USING REGRESSION

 


USING REGRESSION ANALYSIS

by Doug Korty

                  The greatest disorder of the mind is to let will direct belief.     Louis Pasteur


CONFIGURAL THINKING      

Herbert Simon won a Nobel Prize in Economics for his work in management science.  One of his accomplishments was to show that many decisions require the analysis of complex, simultaneous relationships but that most human thinking is linear and, therefore, often inadequate.  Only very rare people, such as chess masters, are good at the "configural thinking" that would be necessary. When Simon gave 'experts' - doctors, psychologists, engineers, etc. - complex problems to solve, they generally did worse than amateurs.  Giving these experts more information about a problem improved their confidence but not their performance.

Because of their cognitive limitations, most people, including experts, are forced to simplify complex problems.  Unfortunately, preconception or prejudice often directs this simplification. We tend, for example, to look only for evidence that supports our conclusions.  Prejudice, rather than being a minor problem, turns out to be the major obstacle to problem solving.  Experts do worse than amateurs as problem solvers because their preconceptions have become more well established.  One of the great Russian chess masters said that he learned many of his best tactics from watching small children play chess because they were free from preconceptions about how chess "should be played."  Karl Popper, the great philosopher of science, wrote that to be scientific we must always state clearly what would constitute evidence against our thesis and honestly search for that evidence.  Few people do this.

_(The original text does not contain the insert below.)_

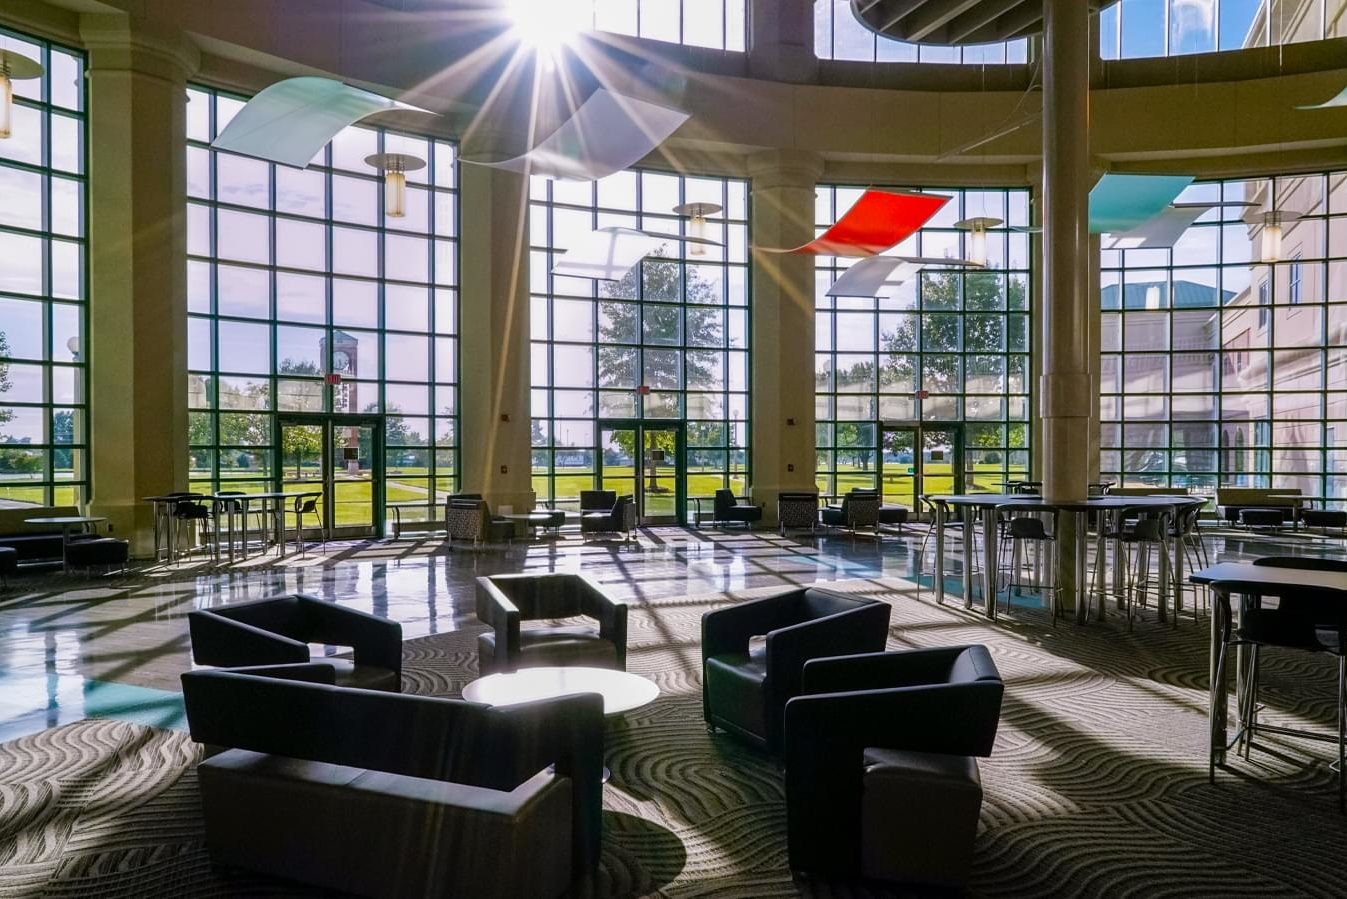 Shelton State Atrium with bright windows and dark chairs

Regression analysis provides a useful and understandable tool for analyzing complex, simultaneous relationships.  Regression is an extension of correlation analysis and although correlation does not prove causation, it does provide evidence for the possibility of causation.  Correlation is one important test of causality; but there are many examples of spurious correlation (such as the famous correlation between the stork population and the human birth rate) and many ways in which true correlation can be masked.  (E.g., vitamin use might improve health but might appear to be inversely correlated with health status because people with health problems take more vitamins than healthy people do.) 

Regression provides a method for both simplification and description.  Regression allows us to specify and quantify relationships.  It is also a tool for exclusion or the important 'process of elimination', finding out what relationships do not exist.  If a correlation involves a time lag, this is possible evidence for causation especially if the lag makes sense.  It also argues against the possibility of causation in the opposite direction.  (If monetary cycles reliably lead economic cycles by six months, it is hard to argue that economic events cause monetary, the reverse is more likely.)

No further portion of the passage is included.